# Benchmarks

These benchmarks seek to establish the performance of tablite as a user sees it.

Overview

**Input/Output:**

- Save / Load .tpz format
- Save tables to various formats
- Import data from various formats

**Various column functions:**

- Setitem / getitem
- iter
- equal, not equal
- copy
- t += t
- t *= t
- contains
- remove all
- replace
- index
- unique
- histogram
- statistics
- count


**Various table functions**

- **base**
  - Setitem / getitem
  - iter / rows
  - equal, not equal
  - load
  - save
  - copy
  - stack
  - types
  - display_dict
  - show
  - to_dict
  - as_json_serializable
  - index
- **core**
  - expression
  - filter
  - sort_index
  - reindex
  - drop_duplicates
  - sort
  - is_sorted
  - any
  - all
  - drop 
  - replace
  - groupby
  - pivot
  - joins
  - lookup
  - replace missing values
  - transpose
  - pivot_transpose
  - diff






In [1]:
from tablite import Table
from tablite.datasets import synthetic_order_data
import psutil, os, gc
import tempfile
from pathlib import Path
from time import perf_counter, time
from tablite.config import Config

### Create tables from synthetic data.

In [2]:
process = psutil.Process(os.getpid())

# The last tables are too big for RAM (~24Gb), so I create subtables of 1M rows and append them.
t = synthetic_order_data(Config.PAGE_SIZE)
real, flat = t.nbytes()
print(f"Table {len(t):,} rows is {real/1e6:,.0f} Mb on disk")

tables = [t]  # 1M rows.

for i in [2,5,10,50,100]:
    t2 = synthetic_order_data(Config.PAGE_SIZE)
    for _ in range(i-1):
        t2 += synthetic_order_data(Config.PAGE_SIZE)  # these are all unique
    real, flat = t2.nbytes()
    tables.append(t2)
    print(f"Table {len(t2):,} rows is {real/1e6:,.0f} Mb on disk")

tables[-1].show()


Table 1,000,000 rows is 240 Mb on disk
Table 2,000,000 rows is 480 Mb on disk
Table 5,000,000 rows is 1,200 Mb on disk
Table 10,000,000 rows is 2,400 Mb on disk
Table 50,000,000 rows is 12,000 Mb on disk
Table 100,000,000 rows is 24,000 Mb on disk
|     ~     |   #   |      1      |         2         |  3  | 4 |  5  | 6  | 7 | 8  | 9 |         10         |        11        |
+-----------+-------+-------------+-------------------+-----+---+-----+----+---+----+---+--------------------+------------------+
|          0|      1|1897876237916|2021-11-24T00:00:00|50868|  0| 8387|C4-3|WGA|21° |   |  1.5878192881433402|9.046682540914231 |
|          1|      2|2191019820422|2021-09-25T00:00:00|50164|  1|11017|C2-1|NRK|None|ABC|0.010731545998969043|15.3822483763811  |
|          2|      3| 466194288952|2021-11-09T00:00:00|50491|  1| 4773|C3-5|FCD|21° |XYZ|  2.0598485514016818|3.383346544302269 |
|          3|      4| 462279372300|2021-10-03T00:00:00|50056|  1|15795|C1-4|DGJ|0°  |XYZ|   1.17253016

The values in the tables above are all unique!

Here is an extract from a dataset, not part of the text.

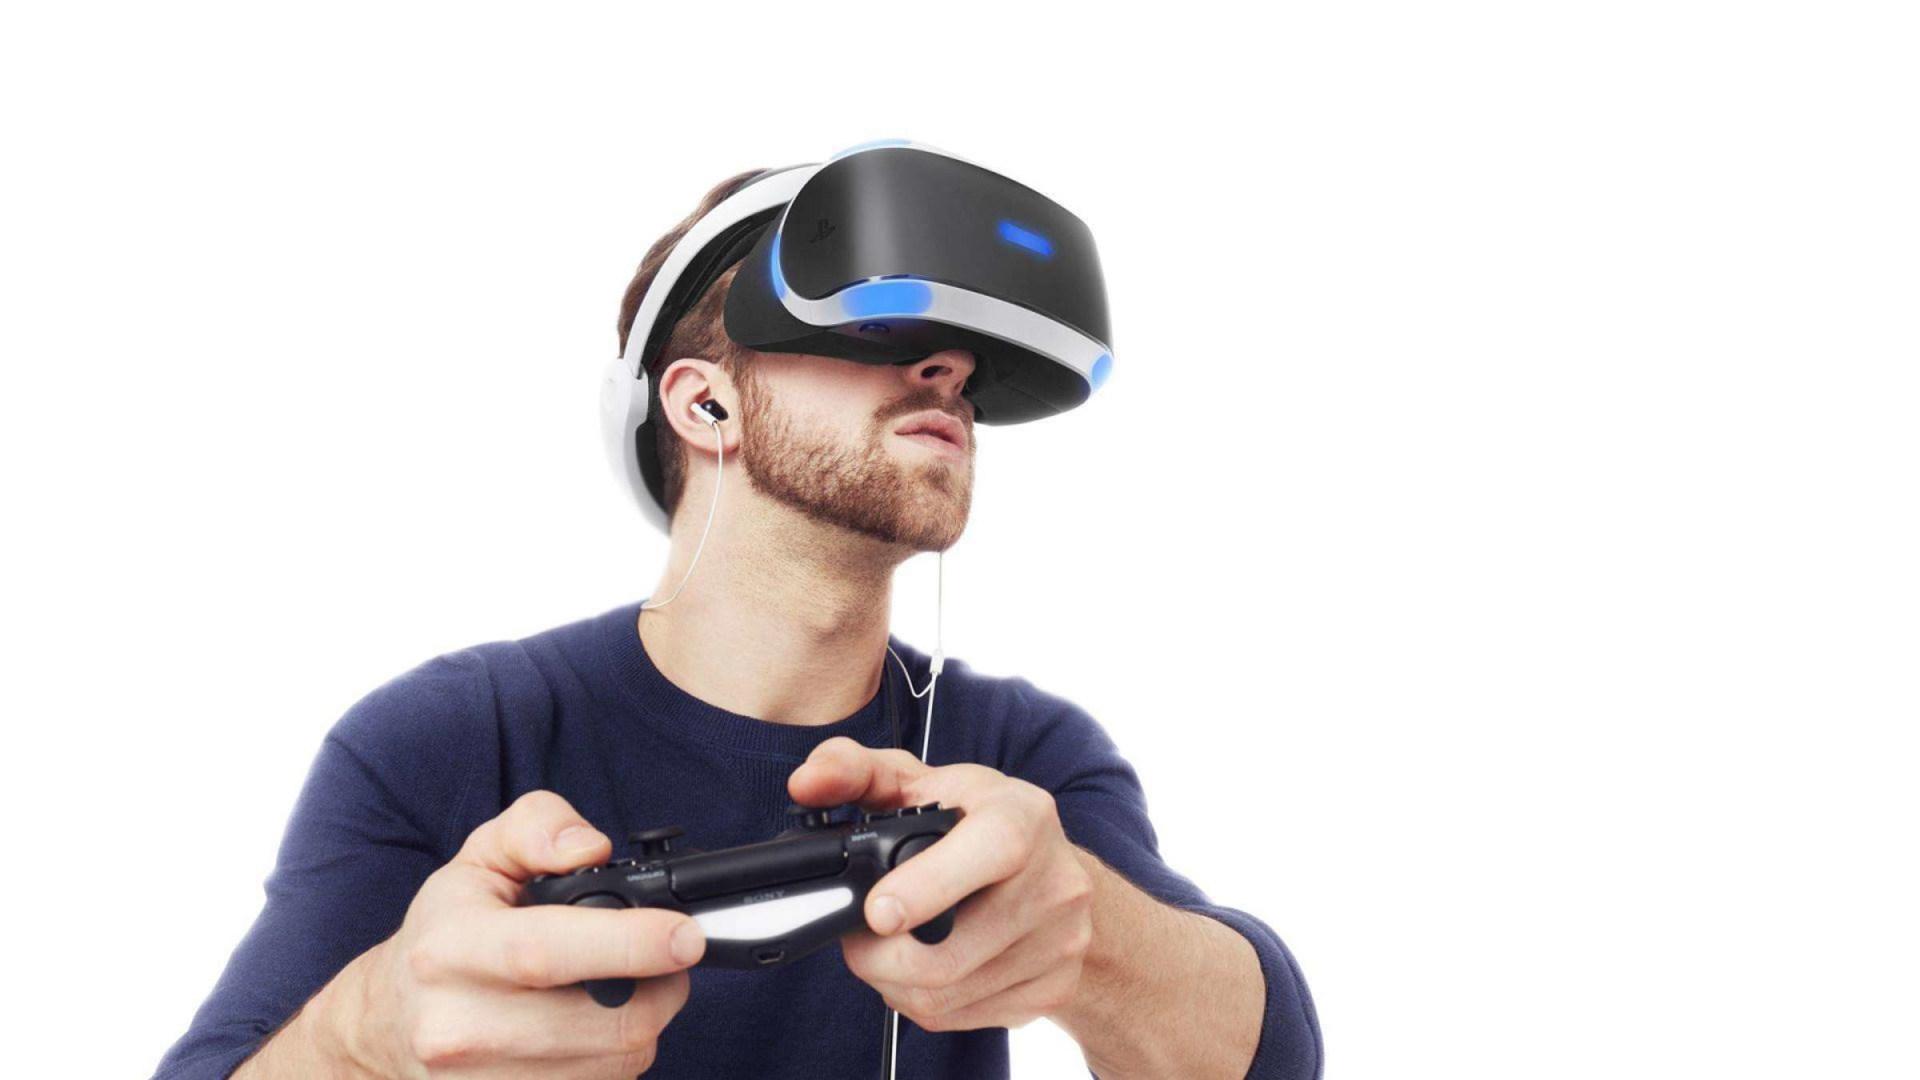 Sony, PlayStation 4, Playstation, PS4, Sony PlayStation 4, Virtual Reality, Sony PS4, PlayStation VR, PSVR

### Save / Load .tpz format

Without compression (fastest)

In [3]:
tmp = Path(tempfile.gettempdir()) / "junk"
tmp.mkdir(exist_ok=True)

results = Table()
results.add_columns('rows', 'save (sec)', 'load (sec)')
for t in tables:
    fn = tmp / f'{len(t)}.tpz'
    start = perf_counter()
    t.save(fn)
    end = perf_counter()
    save = round(end-start,3)
    assert fn.exists()
    print(f"saving {len(t):,} rows ({fn.stat().st_size/1e6:,.0f} Mb) took {end-start:,} seconds")
    
    start = perf_counter()
    t2 = Table.load(fn)
    end = perf_counter()
    load = round(end-start,3)
    print(f"loading {len(t2):,} tows took {end-start:,} seconds")
    del t2
    fn.unlink()
    results.add_rows(len(t), save, load)

saving 1,000,000 rows (240 Mb) took 0.4755823000014061 seconds


importing '1000000.tpz' file: 100%|██████████| 12/12 [00:00<00:00, 21.45it/s]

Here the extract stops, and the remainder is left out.